Скормив ей сразу две таблетки, я приподнял ей голову и напоил остатками воды. Лоб у нее был достаточно холоден, и я подбадривающее потрепал девушку по щеке.
— Потерпи еще немного, — попросил я ее. — Сейчас я сделаю волокушу и к утру дотащу тебя до нашего лагеря. А там нас наверняка ждут, — уверял я ее. — Не успеешь и глазом моргнуть, как тебя привезут в настоящую больницу. Теперь у нас есть компас, и мы не заблудимся!
Сам я слабо верил в то, что на плантации нас еще кто-то ждет, но уверял в этом Лау Линь со всей серьезностью.
— А что с тем, с американцем, — вдруг спросила она, — ты его уже перевязал?
От неожиданности я даже выпустил из руки нож, которым вырезал опорную палку для будущей волокуши.
— Перевязал? — неуверенно повторил я. — Нет, конечно же, нет! Бинты понадобятся для тебя, и, кроме того, ими я хочу связывать носилки…
— Санья, — укоряюще взглянула она мне прямо в глаза. — И ты сможешь потом спокойно спать, зная, что обрек на смерть человека?
«Конечно смогу, — хотел я совершенно искренне ей ответить, — но слова эти почему-то застряли у меня в горле». В ее широко распахнутых глазах я прочитал нечто такое, что заставило меня чуть ли не бегом вернуться к раненому пилоту.
— Мой Бог, мой Бог, — безостановочно повторял он, пока я возился с его ногой, — ты слышишь меня…
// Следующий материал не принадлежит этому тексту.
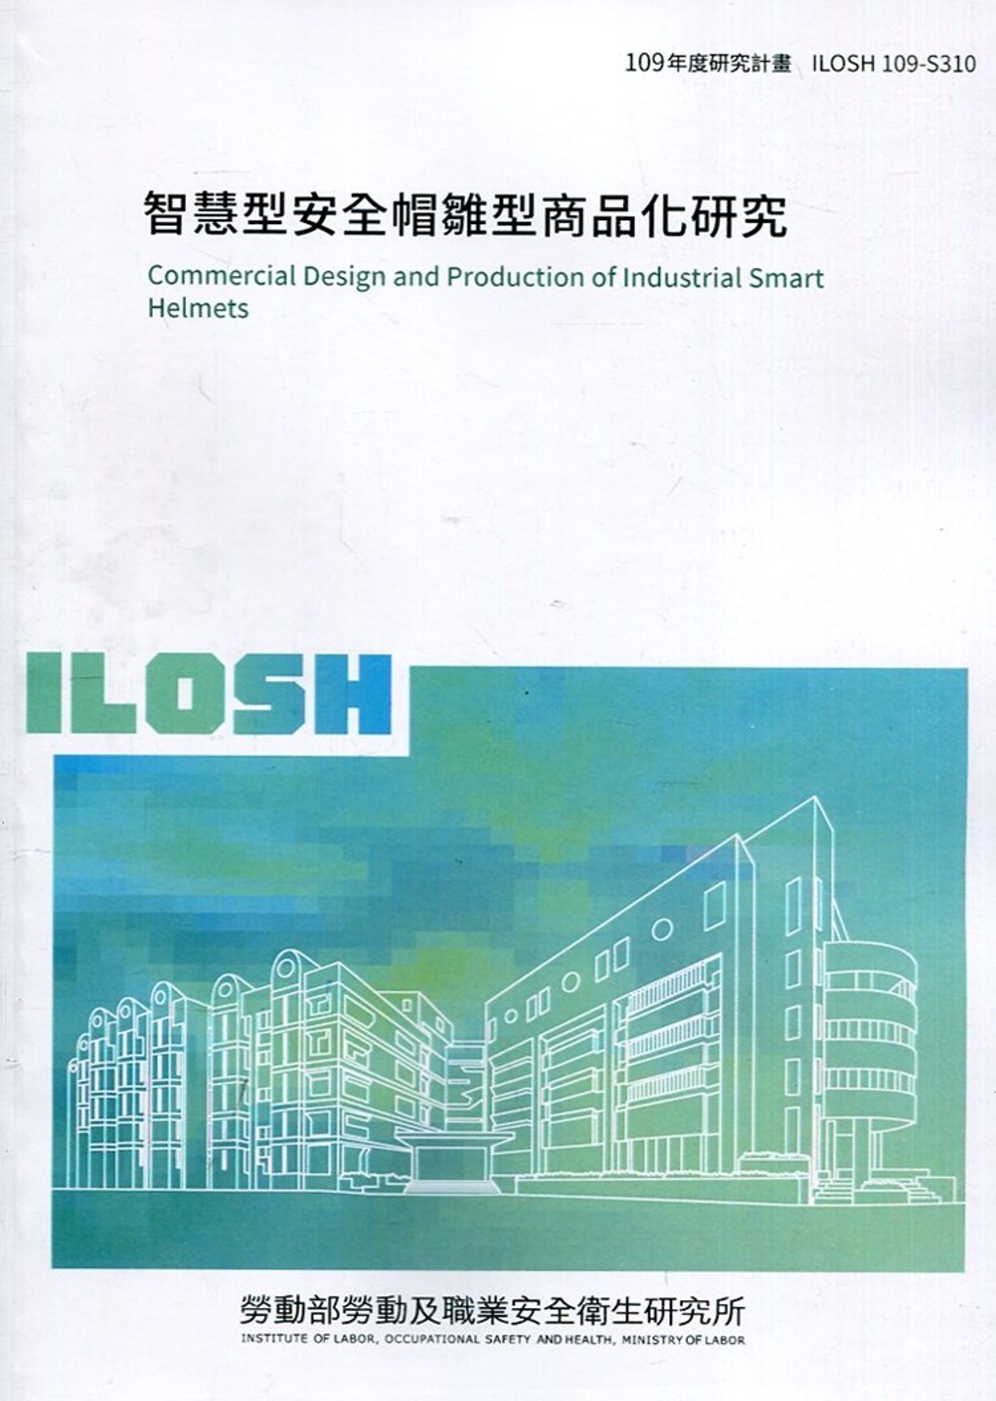 智慧型安全帽雛型商品化研究 ILOSH109-S310

— Замолкни, паскуда! — рявкнул я, не в силах больше переносить его стенания. — Скажи лучше, как тебя зовут.
— Сержант Юджин Джей Блейкмор, — словно по заученному отрапортовал он. — Порядковый номер 53—583…
— На кой хрен нужен мне твой номер, — перебил я его. — Юджин, значит, Юджин. Держись, сейчас будет больно.
— Что там? Что? — сразу же запаниковал американец, судорожно перебирая руками пучки измятой травы.
— Дырка в ноге, вот что, — повысил я голос. — На вот, зажми его зубами, — протянул я ему валявшийся рядом с его головой носовой платок. — И не ори громко, терпи.
Ранение у него было гораздо серьезнее, чем у Лау Линь. Я это понял сразу, как только разрезал и оторвал часть штанины вместе с запекшейся кровью. Хотя и здесь пуля прошла навылет, задеты были явно не только икроножные мышцы, скорее всего кость тоже пострадала. Протерев входное и выходное отверстия спиртом, я облил рану зеленкой и наскоро перебинтовал простреленную ногу, не особо заботясь о качестве перевязки. Анальгина в моем запасе было немного, и, слегка поколебавшись, я все же дал ему одну спасительную таблетку.
— Как же ты пойдешь? — поинтересовался я, отпуская его ногу.
— Спасибо, — вежливо поблагодарил он меня. — А пойду… Пойду я с помощью костыля. Этой ноге мне вообще не везет, — указал он взглядом на темнеющий от крови бинт. — Я ее уже подвернул, когда вывалился из спасательной капсулы. Пришлось вырезать костыль.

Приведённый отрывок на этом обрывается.